Все это, разумеется, только зависть – черная, зеленая зависть и ничего больше, ибо ей неслыханно посчастливилось: она стала душой его дома, супругой великого поэта и важного сановника. Зависть, голая зависть! Потому я так и радуюсь, что у нас есть это стихотворение на смерть матери. О, наше общество почернеет от злости, увидав, как оно значительно и прекрасно! – воскликнул он, в ярости сжав кулаки. Его глаза затуманились, жилы на лбу вздулись.
Шарлотта убедилась, что перед нею запальчивый и склонный к эксцессам человек.
– Мой милый господин камеральный советник, – с этими словами она наклонилась к нему, дотронулась до его дрожащего кулака и ласково развела сжатые пальцы, – я всем сердцем сочувствую вам, тем паче, что вы так привержены памяти вашей милой матери и не довольствуетесь чувством понятной гордости столь великим отцом. Ведь это, так сказать, не фокус быть хорошим сыном такому отцу, какого вам ниспослала судьба. Но то, что вы рыцарски и наперекор мнению света столь высоко чтите память матери, больше подходящей под нашу общую мерку, – это мне всего приятнее в вас, ибо я сама мать и по возрасту могла бы быть матерью и вам. А зависть? Видит бог, я разделяю ваше мнение. Я всегда ее презирала и по мере сил отгоняла от себя – правду сказать, мне это давалось без труда. Завидовать участи другого – какая малость! Словно не всем нам дано испить чашу людского горя! Какое это заблуждение, какая несуразность – завидовать чужой судьбе! Поистине жалкое и недостойное чувство. Умелыми кузнецами собственной участи должны мы быть, а не донимать себя праздной тоской по чужому жребию.
Август, со сконфуженной улыбкой, слегка поклонился в благодарность за материнскую услугу, которую она ему оказала, и приложил к груди разжатую руку.

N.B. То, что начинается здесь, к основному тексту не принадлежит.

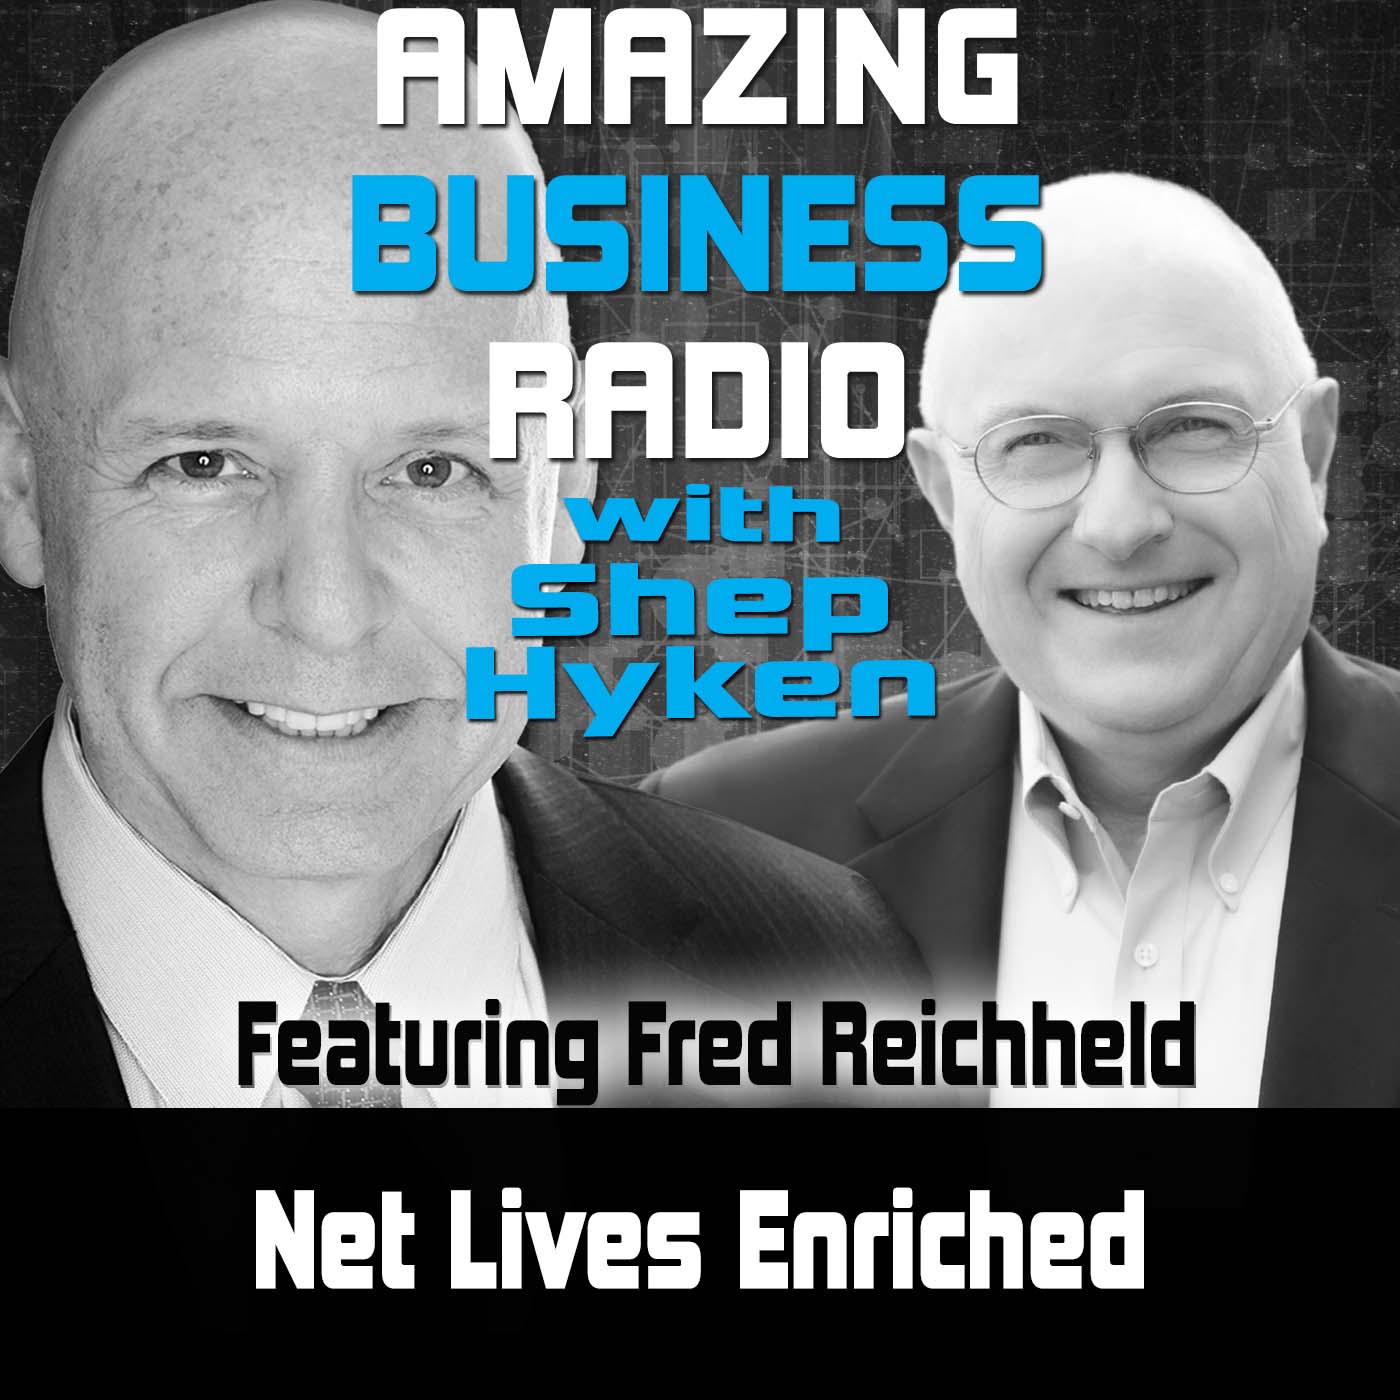 Amazing Business Radio: Fred Reichheld

– Вы правы, госпожа советница, – сказал он. – Мать много выстрадала. Мир праху ее. Но я озлоблен не только из-за матери. Из-за отца не меньше. Теперь все прошло, как проходит жизнь, и наступил покой. Камень преткновения ушел в землю. Но как он досаждал когда-то, непрестанно досаждал фарисеям и моралистам, как они поносили отца и заочно распинали его за то, что он поступил им наперекор, погрешив против их нравственного кодекса, приблизил к себе простую девушку из народа, и, не скрываясь, стал жить с ней. Они давали и мне это почувствовать, как только могли. Косились на меня, смеялись и пожимали плечами с укоризненным сожалением, ибо этой вольности я был обязан своим существованием! Словно такой человек, как отец, не вправе жить по собственным законам, руководствуясь лишь классическим принципом нравственной автономии. Но они стояли на своем, эти христианнейшие патриоты и добродетельные просветители, и вопили о противоречии между гением и моралью, хотя закон свободной и автономной красоты выдвигается самой жизнью, а не только искусством, но они этого уразуметь не могли и болтали о дискрепации и дурном примере. Бабьи сплетни! Но, может быть, не признавая прав человека, они признавали право гения и поэта? Боже избави! «Майстера» они обзывали гнездом блудниц, «Римские элегии» – болотом расслабленной морали, а «Бога и баядеру» и «Коринфскую невесту» – приапическими сальностями. Да и чему тут удивляться, когда еще «Вертеру» инкриминировалась зловредная безнравственность.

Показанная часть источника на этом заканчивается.